## What to work on
What is wanted is the full listing, word for word, without its pictures.

## Collected material
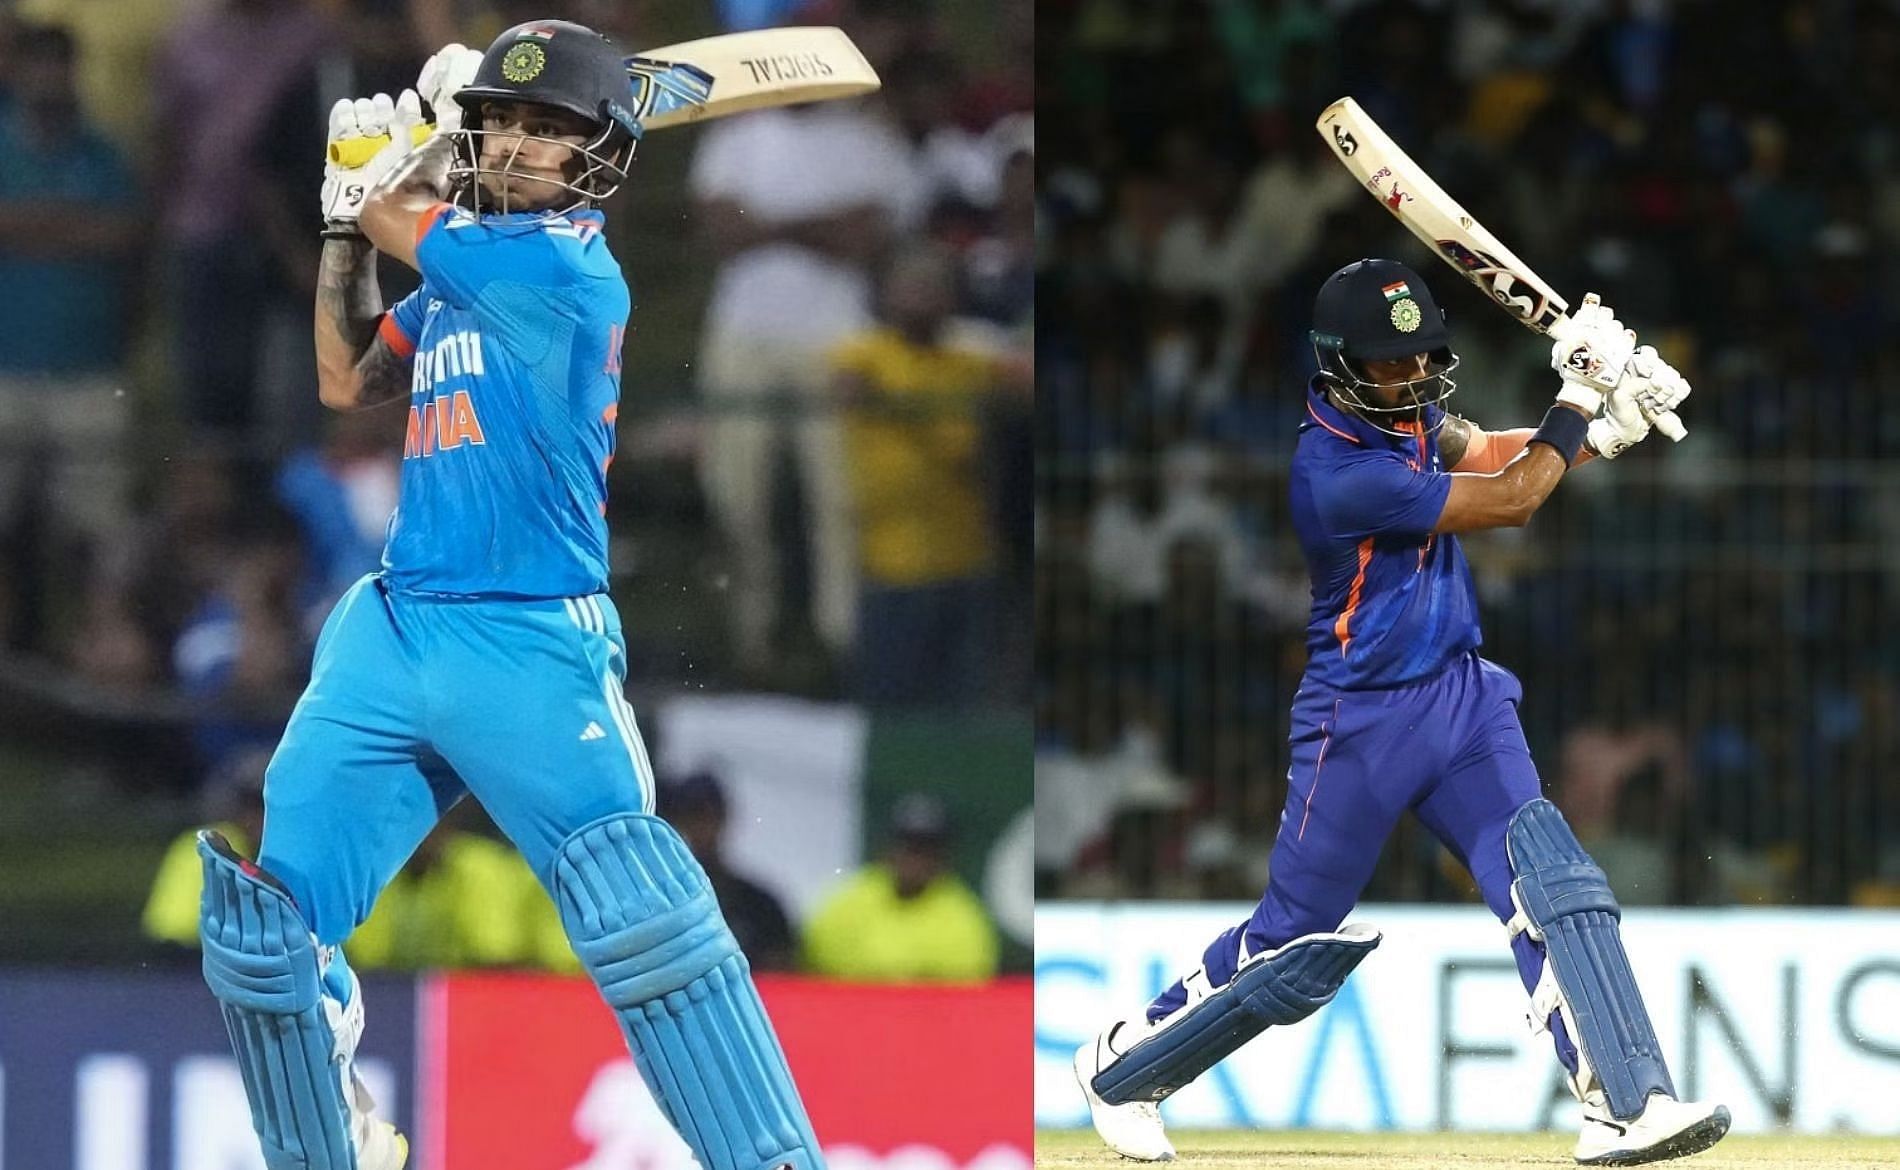 Ishan Kishan and KL Rahul are the two wicketkeeper-batters in India
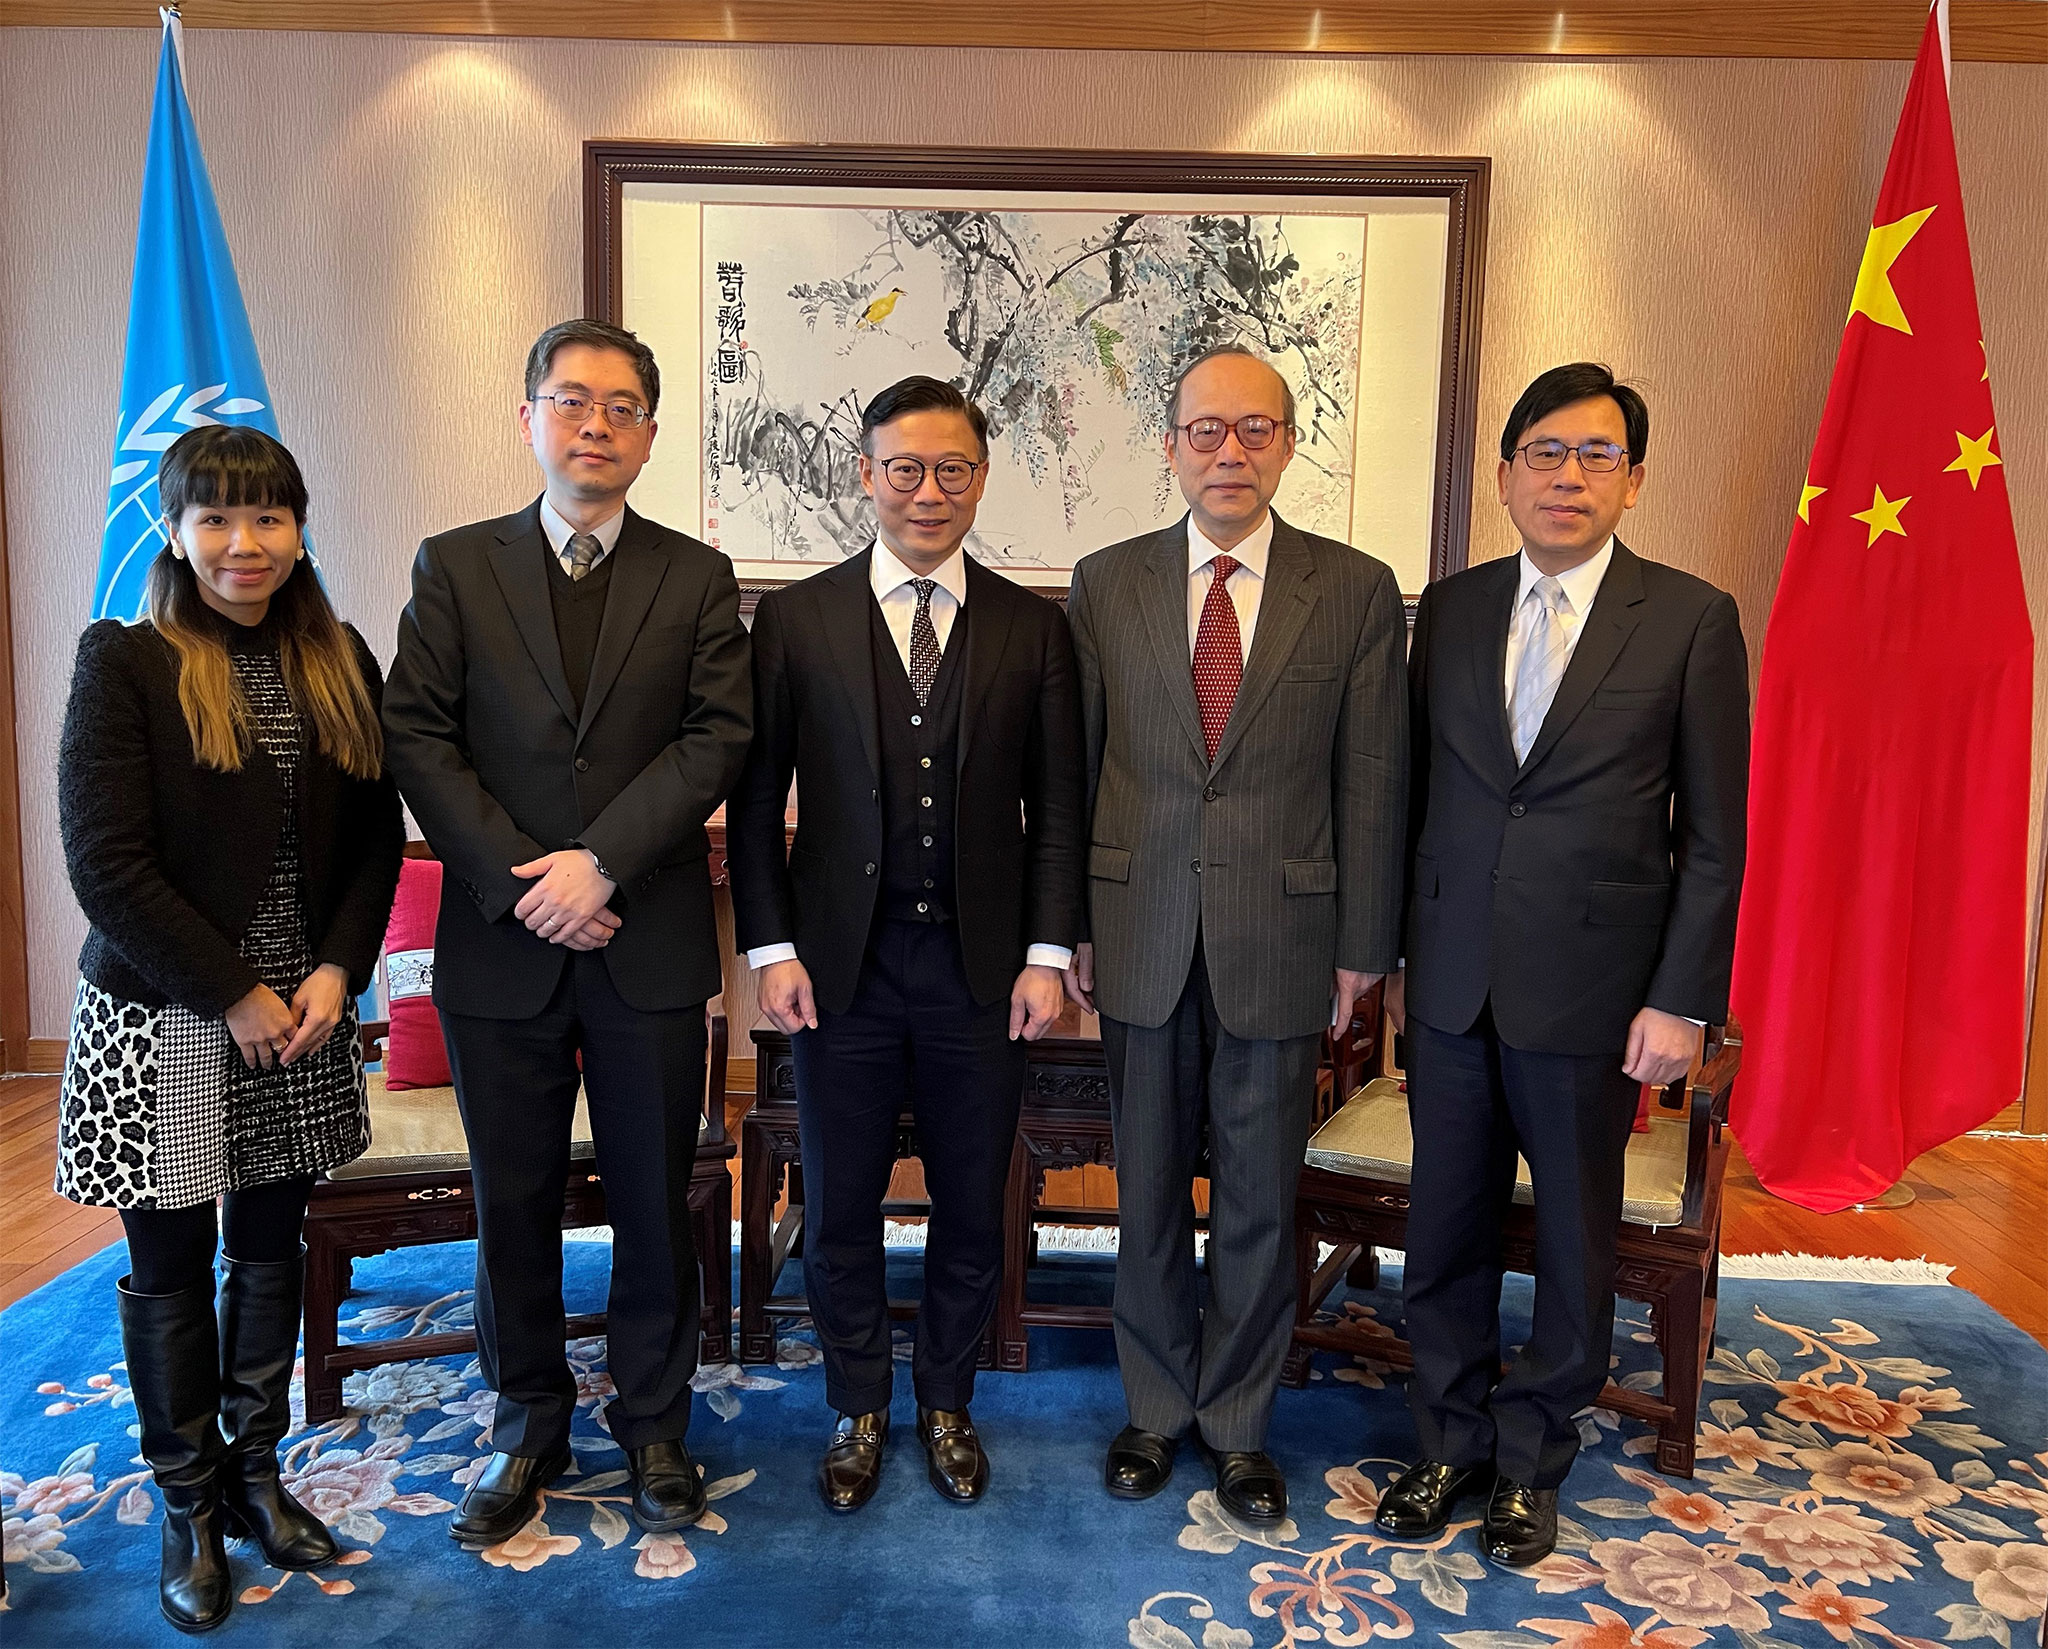 The Deputy Secretary for Justice, Mr Cheung Kwok-kwan (centre), accompanied by the Permanent Representative of the Hong Kong Special Administrative Region of China to the World Trade Organization (WTO), Mr Laurie Lo (first right), the Law Officer (International Law) of the Department of Justice, Dr James Ding (second left), and Acting Principal Government Counsel of the Department of Justice, Ms Peggy Au Yeung (first left), called on the Ambassador Extraordinary and Plenipotentiary, Permanent Representative of the People's Republic of China to the United Nations Office at Geneva and other International Organizations in Switzerland, Mr Chen Xu (second right), in Geneva, Switzerland, on March 9 (Geneva time).
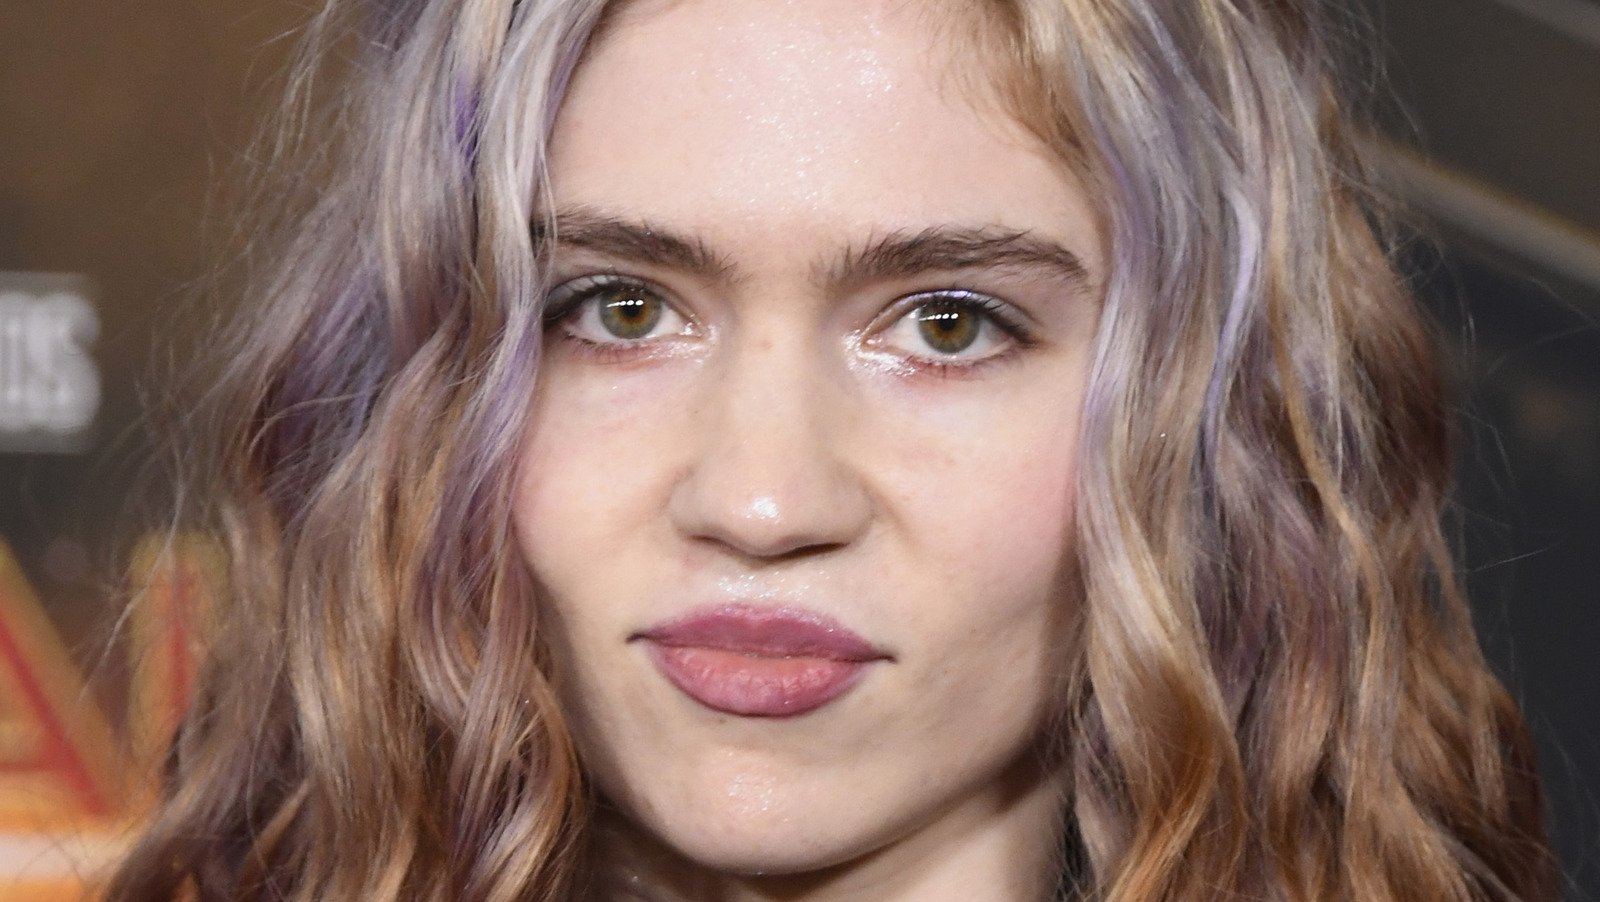 Here's What Grimes Looks Like Going Makeup-Free - The List
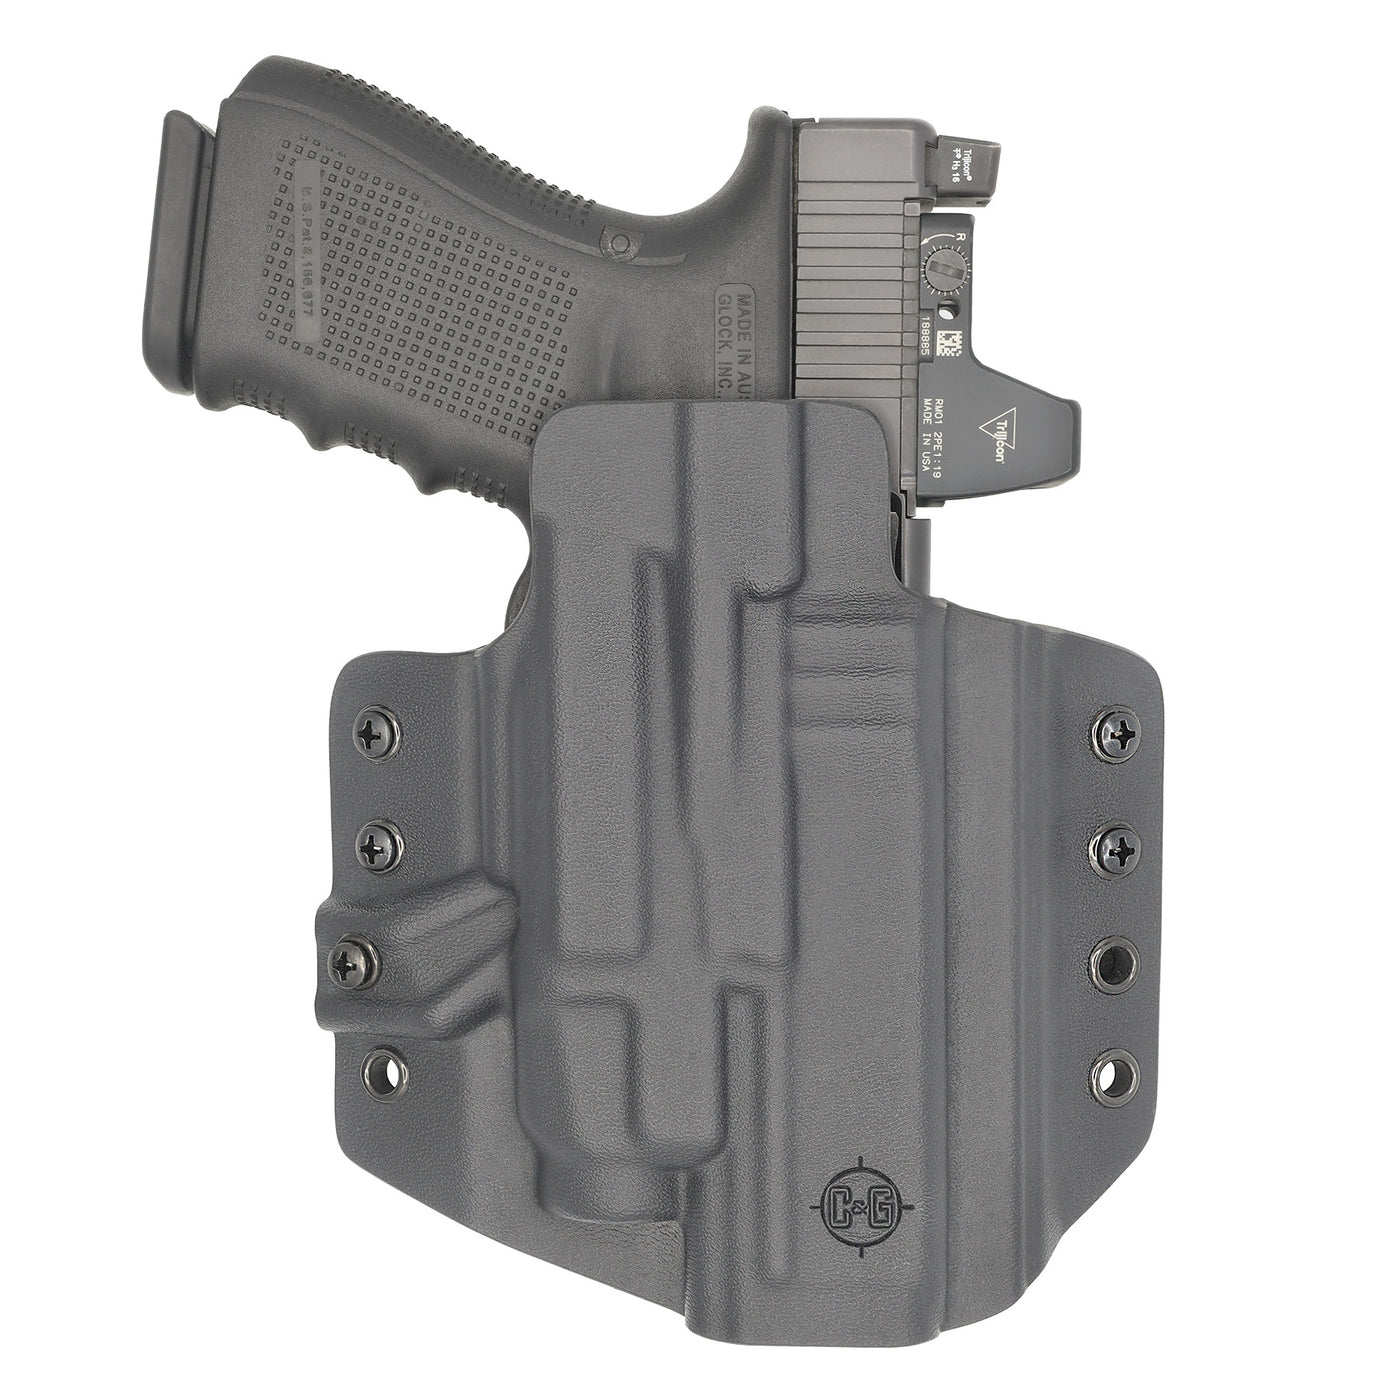 C&G Holsters custom OWB Tactical OZ9/c streamlight TLR7/a in holstered position

## Written solution
 Ishan Kishan and KL Rahul are the two wicketkeeper-batters in India
 The Deputy Secretary for Justice, Mr Cheung Kwok-kwan (centre), accompanied by the Permanent Representative of the Hong Kong Special Administrative Region of China to the World Trade Organization (WTO), Mr Laurie Lo (first right), the Law Officer (International Law) of the Department of Justice, Dr James Ding (second left), and Acting Principal Government Counsel of the Department of Justice, Ms Peggy Au Yeung (first left), called on the Ambassador Extraordinary and Plenipotentiary, Permanent Representative of the People's Republic of China to the United Nations Office at Geneva and other International Organizations in Switzerland, Mr Chen Xu (second right), in Geneva, Switzerland, on March 9 (Geneva time).
 Here's What Grimes Looks Like Going Makeup-Free - The List
 C&G Holsters custom OWB Tactical OZ9/c streamlight TLR7/a in holstered position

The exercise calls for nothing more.